The Partnership is a party to financial instruments with off-
balance-sheet risk in the normal course of its business. Generally,
these instruments are commitments for future equity fundings,
venture capital limited partnership investments, equipment financing
commitments, or accounts receivable lines of credit that are
outstanding but not currently fully utilized. As they do not
represent current outstanding balances, these unfunded commitments
are properly not recognized in the financial statements. At
December 31, 1998, the Partnership had no unfunded commitments.

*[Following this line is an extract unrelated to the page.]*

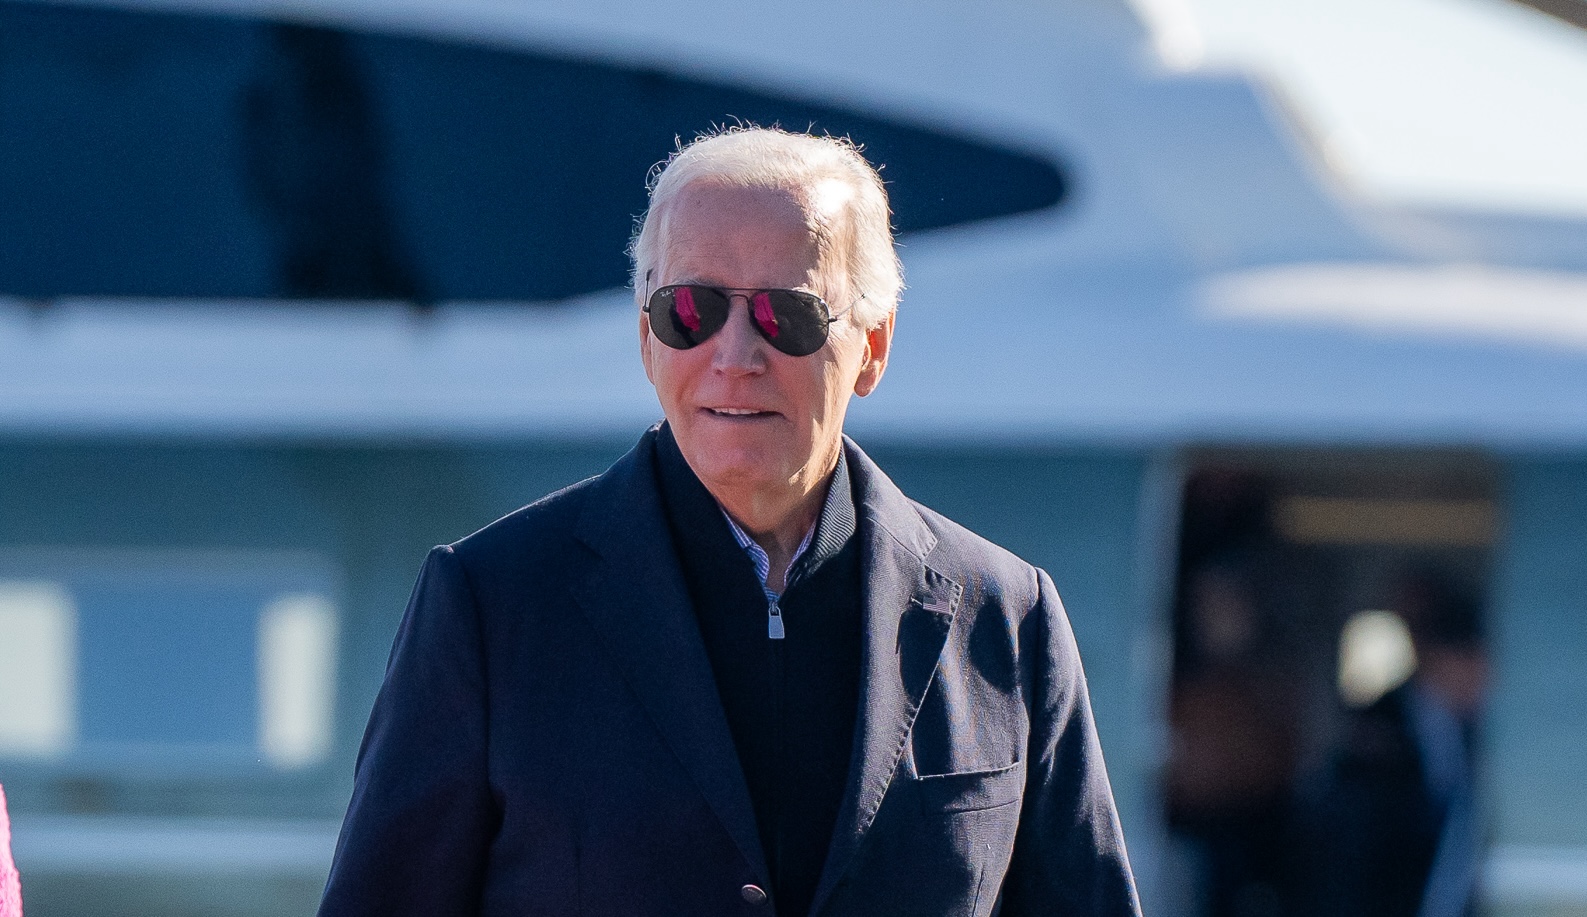 Democrats use Weiss’s latest indictment as a new Russia hoax to protect Biden in 2024

The Partnership uses the same credit policies in making these
commitments and conditional obligations as it does for on-balance-
sheet instruments. Commitments to extend financing are agreements
to lend to a company as long as there are no violations of any
conditions established in the contract. The credit lines generally
have fixed termination dates or other termination clauses. Since
many of the commitments are expected to expire without being fully
drawn upon, the total commitment amounts do not necessarily
represent future cash requirements.




SIGNATURES
----------

Pursuant to the requirements of Section 13 or 15(d) of the
Securities Exchange Act of 1934, the Registrant has duly caused this
Report to be signed on its behalf by the undersigned, thereunto duly
authorized.


TECHNOLOGY FUNDING MEDICAL PARTNERS I, L.P.

By: TECHNOLOGY FUNDING INC.
Managing General Partner


Date: March 29, 1999 By: /s/Michael Brenner
------------------------------
Michael Brenner
Controller

Pursuant to the requirements of the Securities Exchange Act of 1934,
this Report has been signed below by the following persons on behalf
of the Registrant and in the capacities and on the dates indicated:

Signature Capacity Date
--------- -------- ----

/s/Charles R. Kokesh President, Chief March 29, 1999
- ------------------------ Executive Officer,
Charles R. Kokesh Chief Financial
Officer and Chairman of
Technology Funding Inc.
and Managing General
Partner of Technology
Funding Ltd.


The above represents the Board of Directors of Technology Funding
Inc. and the General Partners of Technology Funding Ltd.